Kondrashin breaks through the permafrost, highlighting the laments
behind those implacable timps, a reflection, perhaps, on the
old Russia that is about to be lost forever. Petrenko skates
over the surface of this music, his reading compromised even
further by the need to fiddle with the volume control before
it all snaps into focus. Here David and I
do agree, this
is a very disappointing start to the symphony.
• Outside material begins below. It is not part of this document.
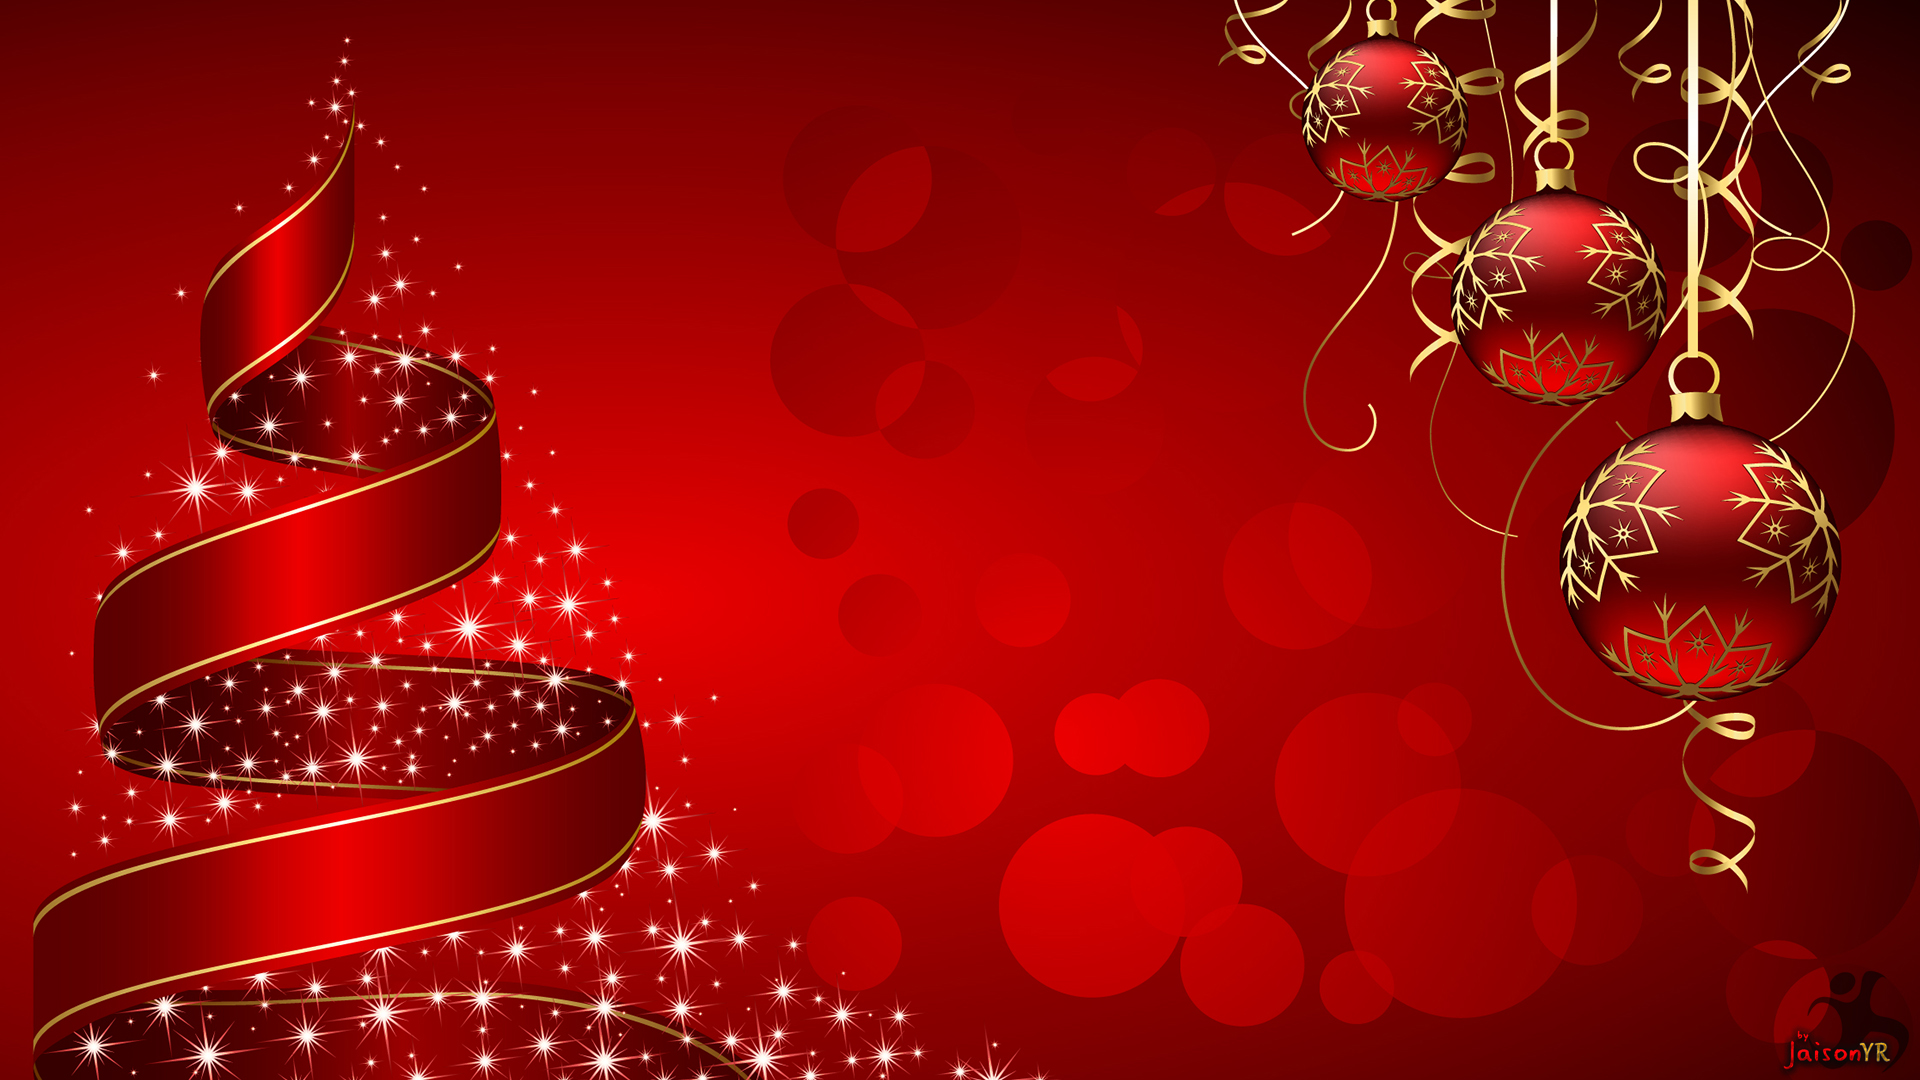 Red Christmas Backgrounds HD Wallpaper, Background Images

Knob-twiddling aside, the Naxos sound is actually very good,
with a broad, deep, soundstage. That said, the Soviet-era Melodiya
recordings have come up very well, and in many ways the sharper,
more upfront, presentation pays off in terms of detail. But it’s
Ashkenazy who has the best of all possible worlds - great clarity
and fearsome dynamics that
don’t require constant
volume adjustments. He also has a first-class Russian orchestra
at his fingertips, which manages a much more polished performance
than the Moscow Phil does for Kondrashin. By contrast, Petrenko
and the RLPO sound much too cultured - and cultivated - for this
edgiest of symphonies.
‘The Ninth of January’ is a case in point; the Liverpool
band’s lower strings lack that all-important shiver of
anticipation, and the orchestral melee that follows, while spectacular,
sounds more like a skirmish than a battle. Kondrashin and Ashkenazy
draw a much more visceral response from their players, especially
when the music reaches its bloody climax; the plucked strings,
snap of side drums and thud of bass drum are far more scarifying
than Petrenko’s forces can quite muster. That said, the
RLPO certainly play their hearts out at this point, and with
great intensity in the quiet coda that ends this movement. But
the most frustrating element of Petrenko’s reading is that
it seems fitful, a series of musical tableaux rather than a closely
argued symphonic whole.
Some years ago I watched Valery Gergiev conducting Shostakovich’s ‘Leningrad’ -
another battle, another roster of the dead and dying - and was
struck by the spectral quality he brought to the second movement,
originally entitled ‘Memories’. The
Eleventh has
its ‘Eternal Memories’ too, where Kondrashin finds
a mixture of stoicism and grief that is hard to beat or bear.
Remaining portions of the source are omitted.